New York—The largest-ever study of birth defects in babies exposed to lithium found an elevated risk of major congenital malformations in fetuses after first-trimester exposure to the mental health drug.
The report, published online by The Lancet Psychiatry, revealed that 7.4% of babies exposed to lithium during the first trimester experienced major malformations, versus 4.3% of those in the unexposed group.
A study team led by researchers from the Mount Sinai School of Medicine pointed out that, at the same time, the risk of neonatal hospital readmission was nearly doubled in lithium-exposed babies compared to the unexposed group—27.5% compared to 14.3%.
On the other hand, they reported, lithium exposure was not associated with pregnancy complications or other delivery outcomes, such as preeclampsia, preterm birth, gestational diabetes, or low birthweight.
Not all of the news was bad, however. Researchers emphasized that the risk of birth defects in lithium-exposed infants was found to be lower than previously thought based on much smaller studies.

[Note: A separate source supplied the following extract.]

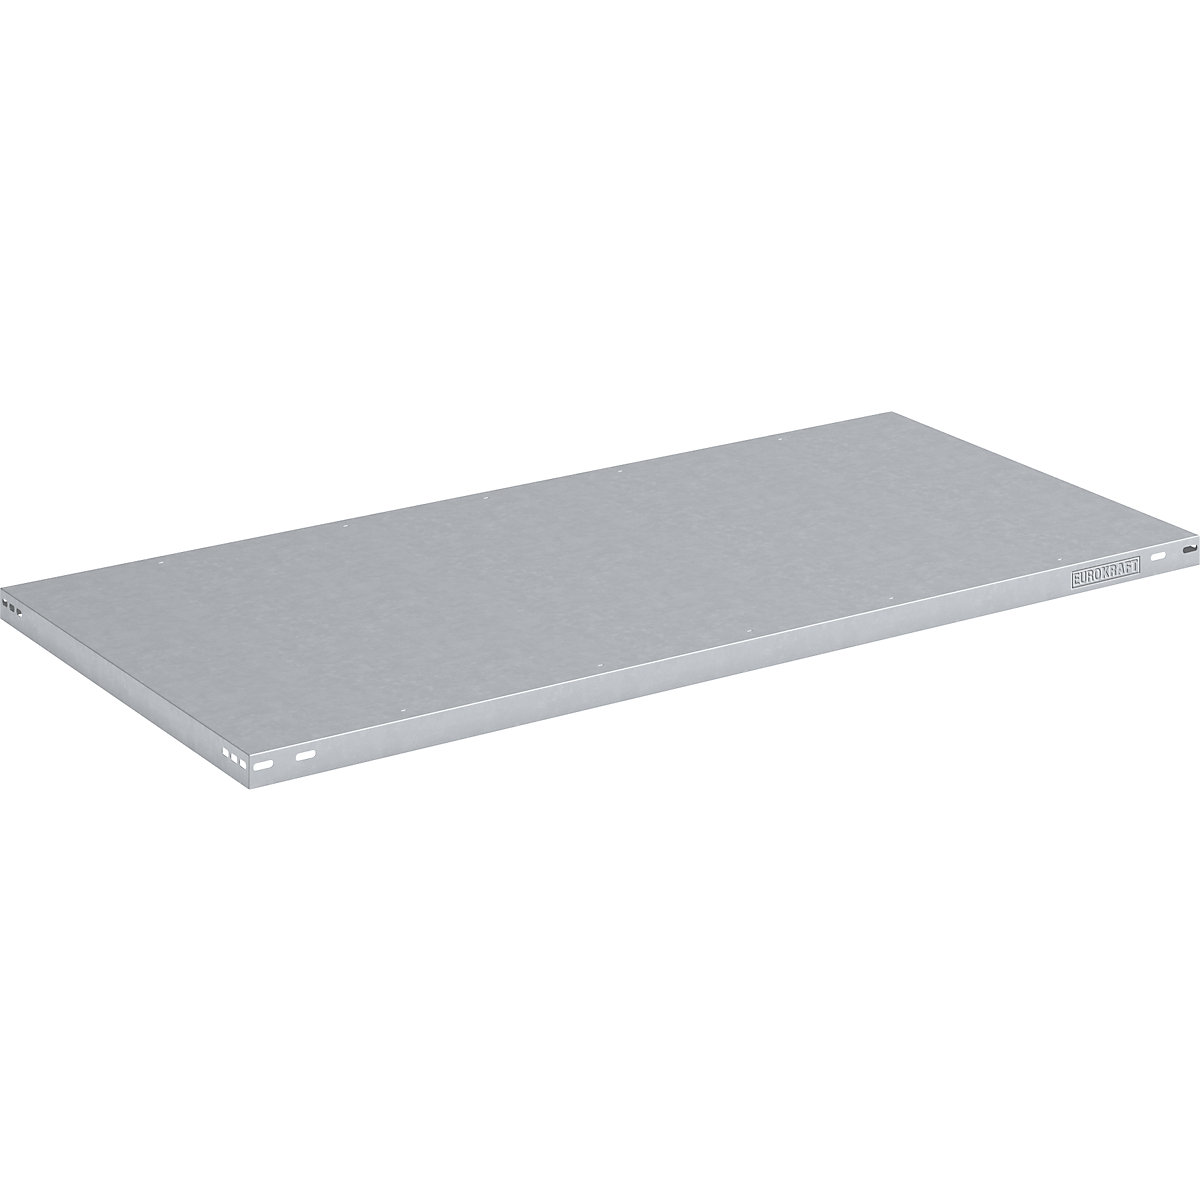 Shelf for heavy duty boltless shelving unit – eurokraft pro, zinc-plated, WxD 1300 x 800 mm

“Women should be informed on malformation risk in first-trimester exposed infants, but also about very high relapse risks for mental illness both during pregnancy and during the postpartum period,” suggested the study’s senior author, Veerle Bergink, MD, PhD. “Given the well-documented effectiveness of lithium in reducing relapse in the perinatal period, some important clinical considerations are either to continue lithium in a lower dose during the first trimester or to restart lithium after the first trimester or immediately postpartum.”
In the meta-analysis, the study team gathered primary data from pregnant women and their children from six international cohorts based in the community in Denmark, Sweden, and Ontario, Canada, as well as in clinics in the Netherlands, the United Kingdom, and the United States.
Included were studies in which pregnancy resulted in a liveborn singleton between 1997 and 2015, health-related information was available for both mother and infant, and the mother had a mood disorder such as bipolar disorder or major depressive disorder or had been given lithium at least twice from 1 month before conception or until delivery or had received at least one lithium dispensation during pregnancy when there was at least one other lithium dispensation within 6 months before or after that date.
Pregnancies were grouped into a lithium-exposed group and a mood disorder reference group. The main outcome measures were pregnancy complications, delivery outcomes, neonatal readmission to hospital within 28 days of birth, and congenital malformations (major malformations and major cardiac malformations).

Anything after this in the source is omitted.